Common credit cards usage mistakes
7 December 2009
Using credit cards is as much as part of a person's daily financial routine as using cash, with credit cards presenting themselves as a convenient and helpful way to build up a good credit rating for future loan applications while giving a person access to items online.
In fact, a recent debt study by Galaxy Research for credit cards security industry company Veda Advantage found that of the 16 per cent of all Australians that are classified as suffering financial difficulty, 16 per cent of them consider credit cards as their option to escape financial deadlines.
While credit cards are a necessary part of a person's personal and business life, they do pose a certain element of risk involved if careful management is not followed. It can feel as if a credit card or several credit cards can quickly spiral out of control once the monthly repayments are missed or late, with the subsequent charges and late fees easily reaching the same amount as the repayment itself.

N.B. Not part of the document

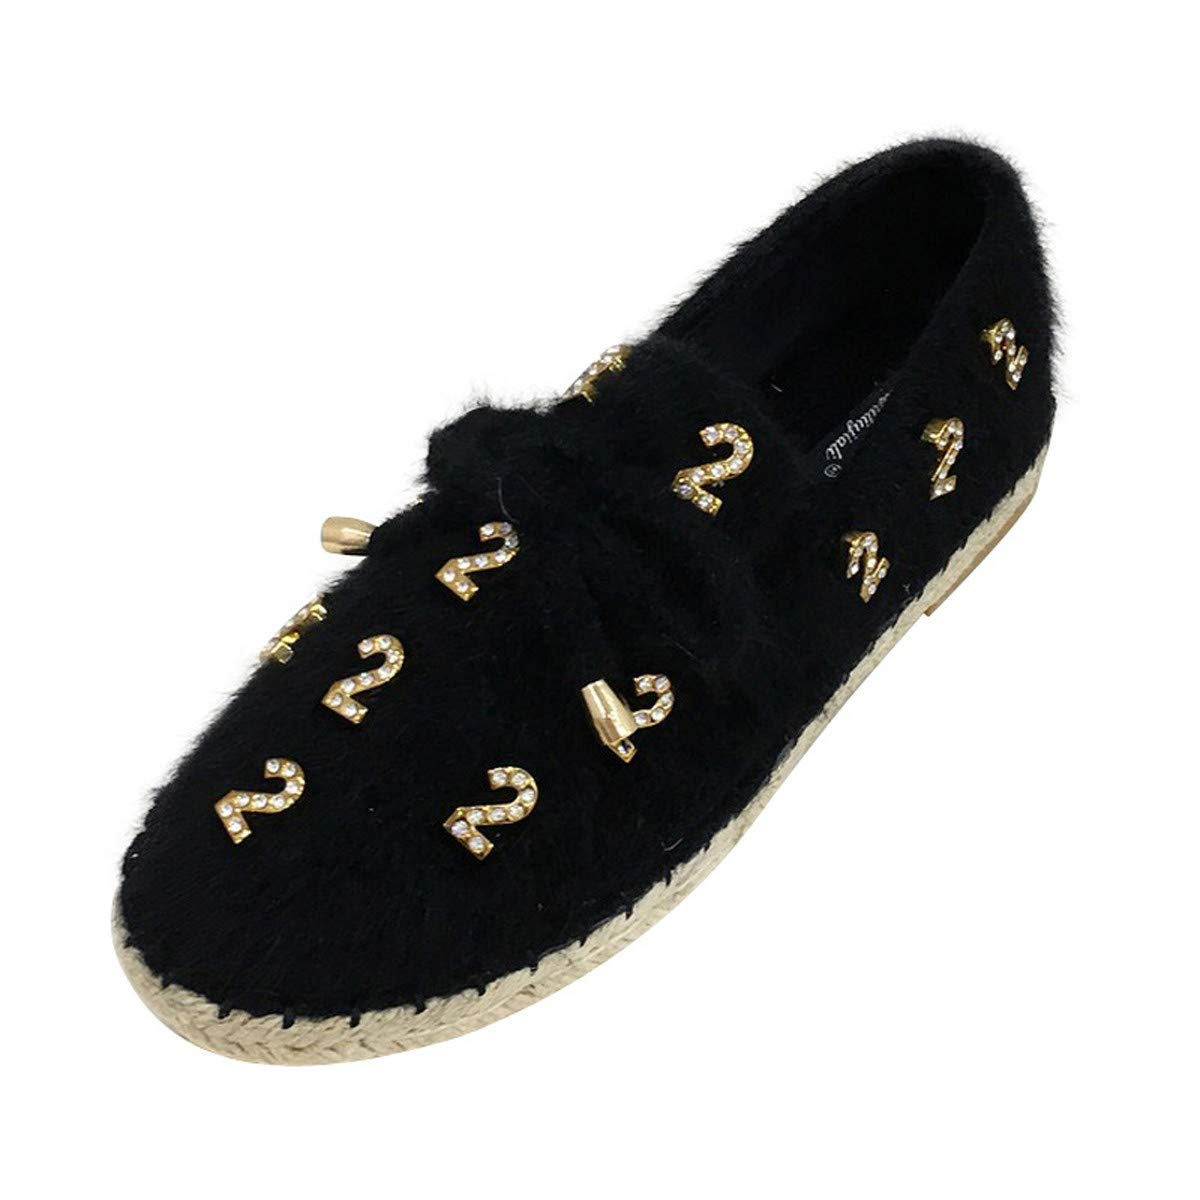 HBDLH Damenschuhe Einzelne Schuhe Runden Kopf Samt Diamond Flachen Boden Faul Schuhe Schwarz 39

At the heart of using credit cards is acknowledging and staying aware of three central factors: usage, interest rates and repayments.
Usage
The frequency of which you use your credit card should always match your income and financial budgeting restraints. While some people use their credit cards for "emergencies only", the majority of people will sue their credit card for daily expenses, rather than using cash. This is great - if you can afford to pay it back at the end of every month. If you overspend on your credit card even once, you may find that you will always be playing catch up every bill after that, not getting ahead but merely making the minimum repayments, which is usually just monthly interest rates anyway.

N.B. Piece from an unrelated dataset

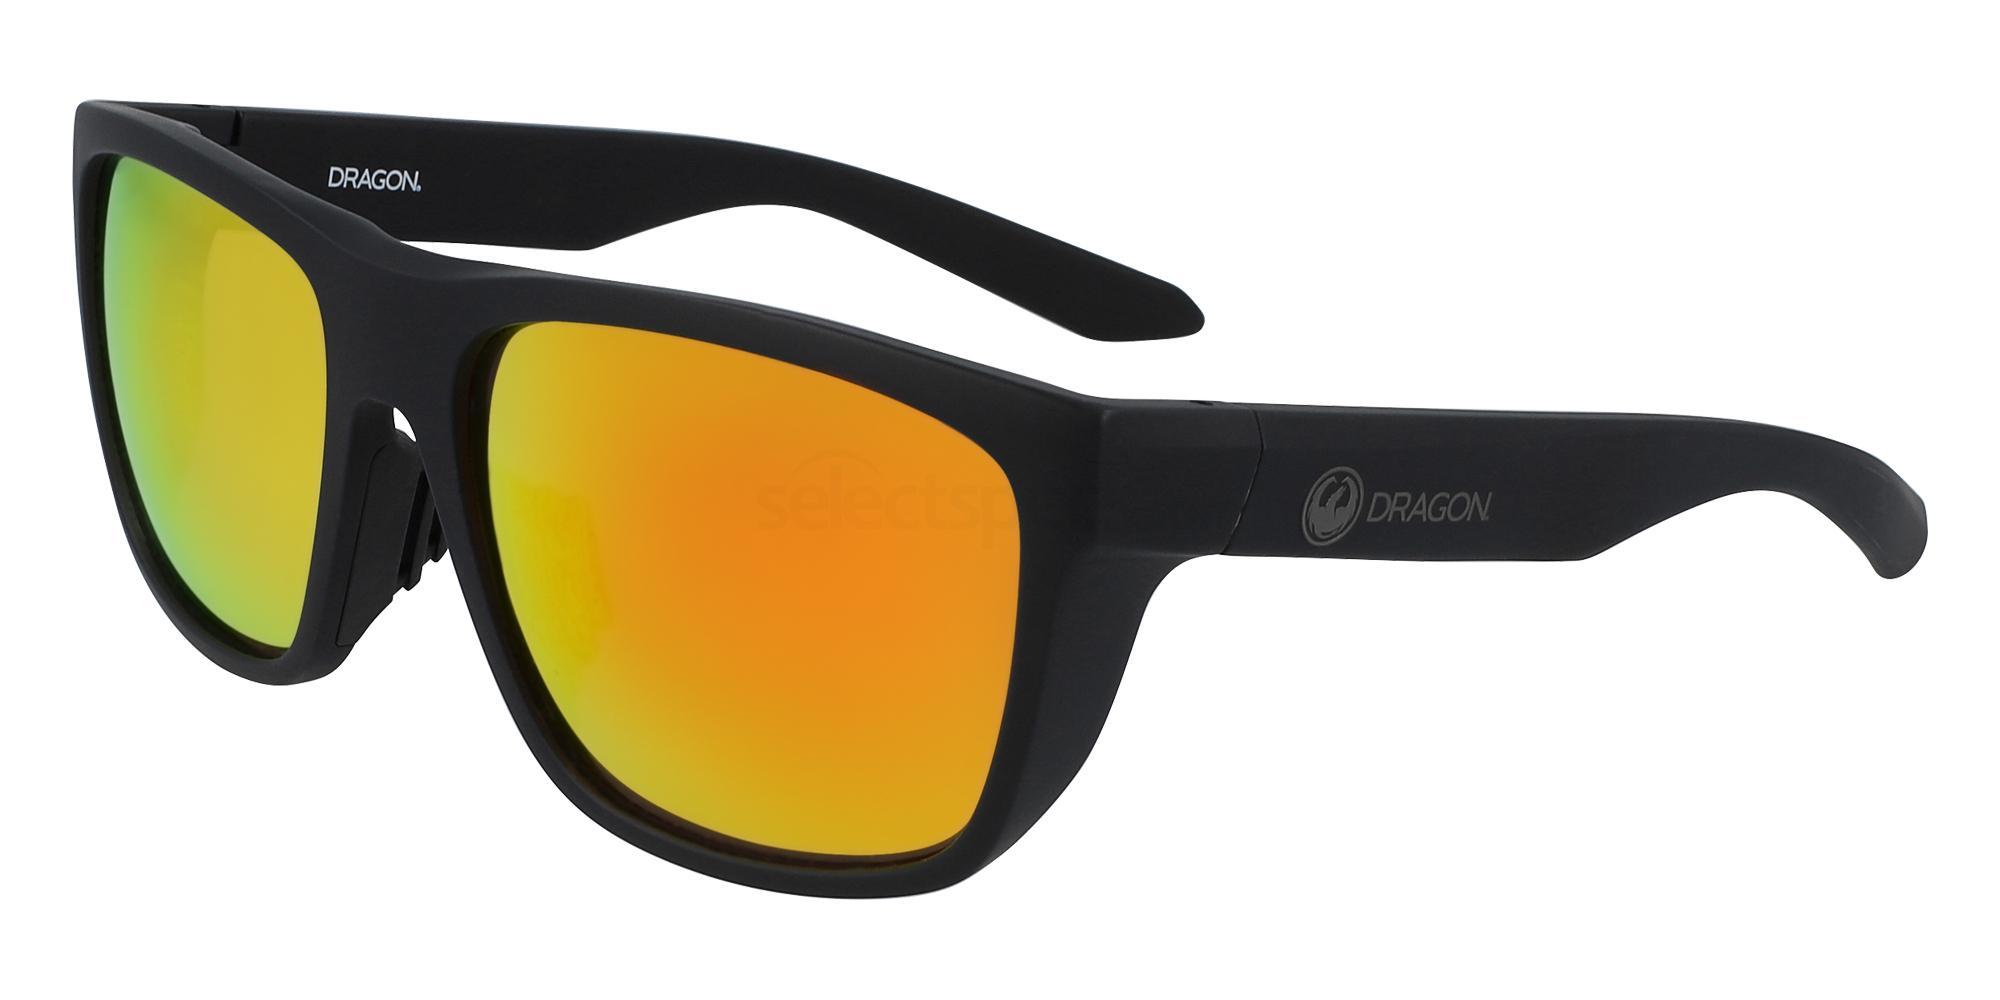 022 DR AERIAL LL ION Sunglasses, Dragon

What's more, be cautious of how many credit cards you have. This is crucial for several reasons, ranging from your credit rating to keep track of your finances. For starters, if you have more than, let's say three credit cards, are you really sure that you will be able to repay every card every month? Additionally, people with multiple credit cards will often find they have a difficult time when applying for personal loans at a later time, with their numerous credit cards viewed as a credit risk. This is especially true if there were issues with making repayments on time.
Interest Rates
The issue of interest rates is by far one of the hottest when it comes to the world of finance and borrowing, with different credit cards using different rates to try and attract new customers on to their card. Perhaps one of the most popular interest rates ploys for credit cards is the "introductory rates". When referring to "introductory rates" this means the rates offered to a new credit card when it is transferred from another lender, almost a reward for talking your business elsewhere.
While this can be an excellent option for many people, it is important to do your research before committing to a new card to be fully aware of the rates AFTER this introductory period. Most credit cards will offer either a 6 or 12 month introductory period which has very low interest rates attached, giving a great opportunity to pay off existing debts without the hassle of high rates attached. However, it is what happens after the introductory period has passed that are the cause for many costly financial credit cards mistakes. Suddenly you may find that your existing debt may have an interest rate that has jumped from a low interest rate of 8 per cent to 18 per cent, meaning you will be paying far more every month that the debt is not cleared.
Repayments
You should also be mindful of the interest rates that are attached to any and all late repayments. If you are more than 30 days late for a repayment you may find your debt attracting interest rates above 20 per cent.
Granted there are times when a late payment will happen, sometimes a few days here or there, but if you are consistently late this will show up on your credit rating and will negatively impact on any future loan applications.